**Source material**
***

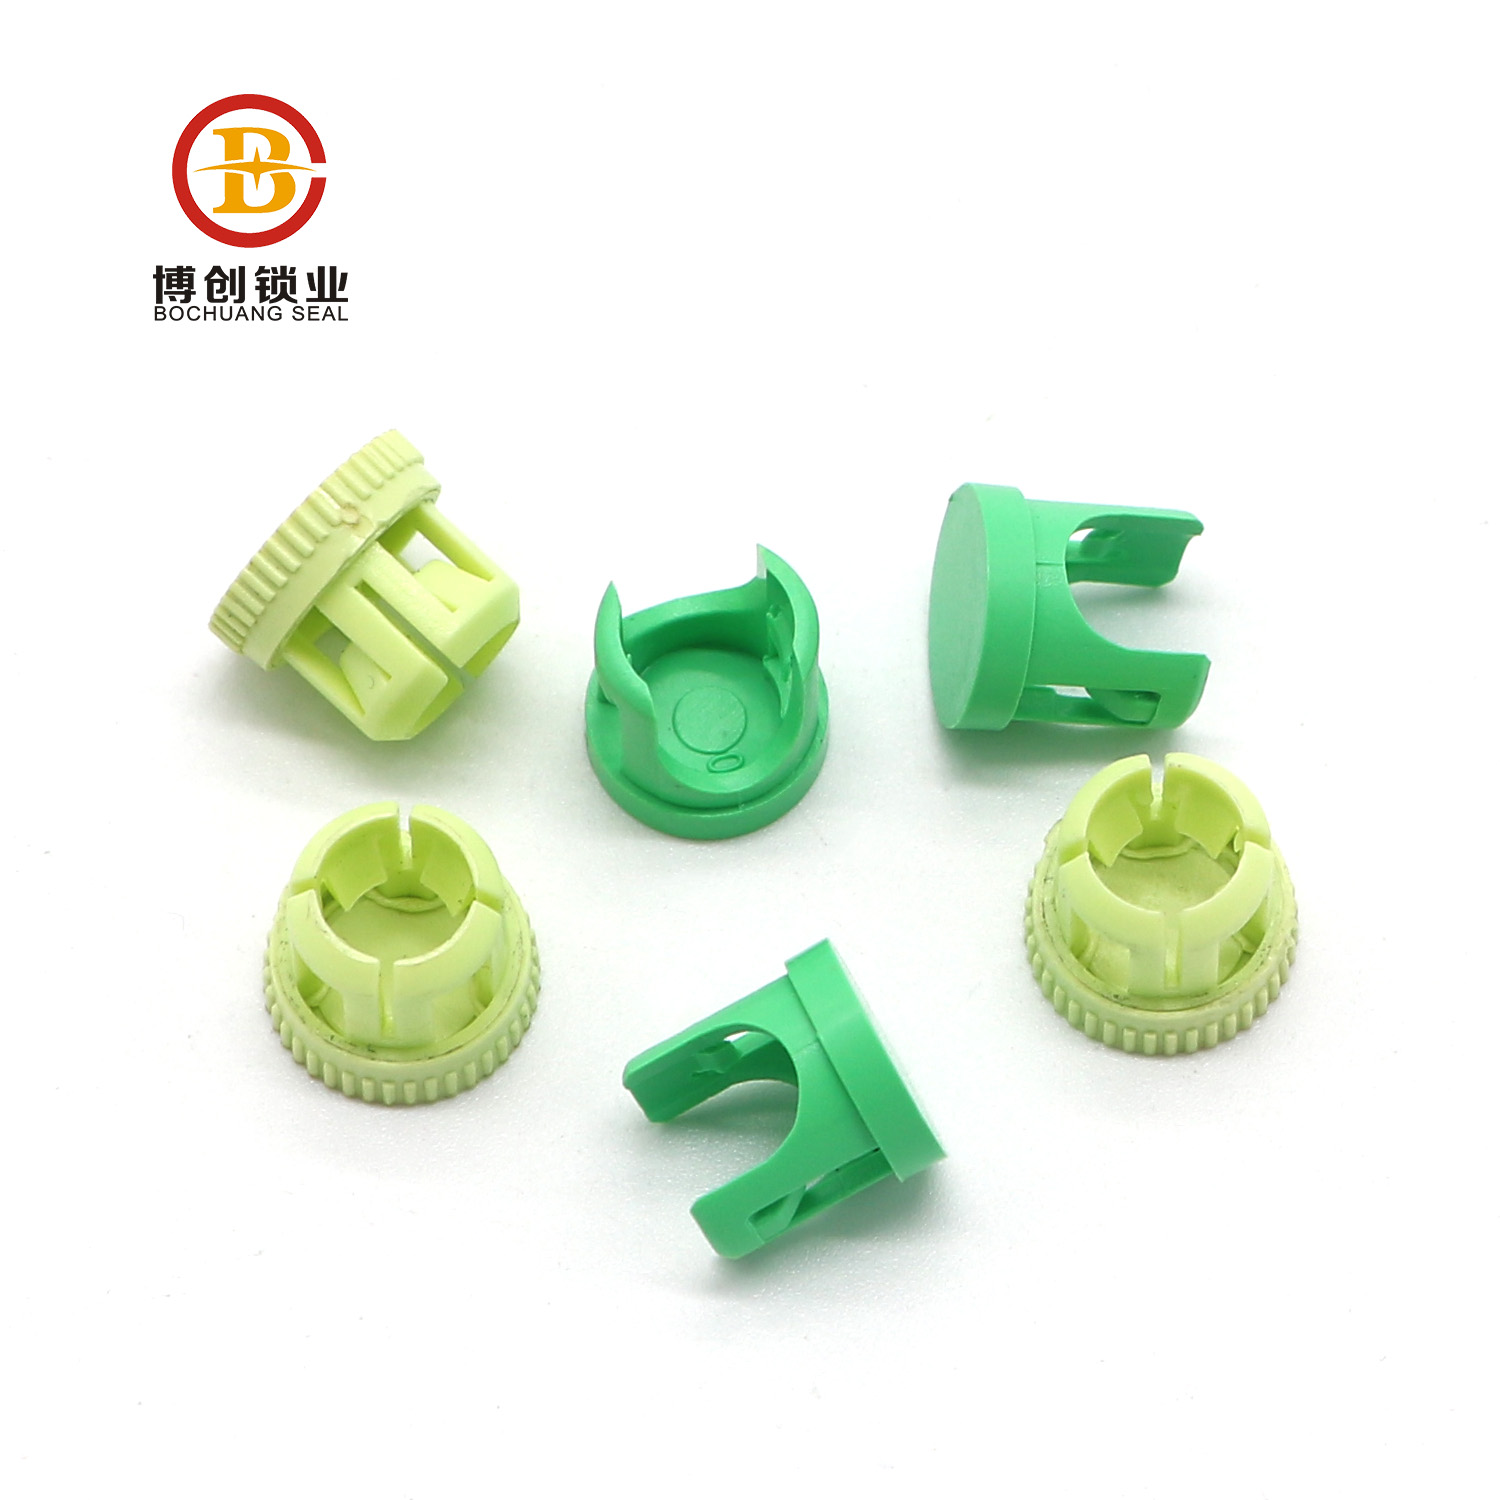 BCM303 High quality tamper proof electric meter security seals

***

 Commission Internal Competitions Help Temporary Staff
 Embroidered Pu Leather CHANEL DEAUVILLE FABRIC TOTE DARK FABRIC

***

**Your assignment**
Will you return exactly the lines above from the one with "Commission Internal Competitions" down to the one with "Embroidered Pu Leather", counting both as part of the range?

**Written solution**
 Commission Internal Competitions Help Temporary Staff
 Embroidered Pu Leather CHANEL DEAUVILLE FABRIC TOTE DARK FABRIC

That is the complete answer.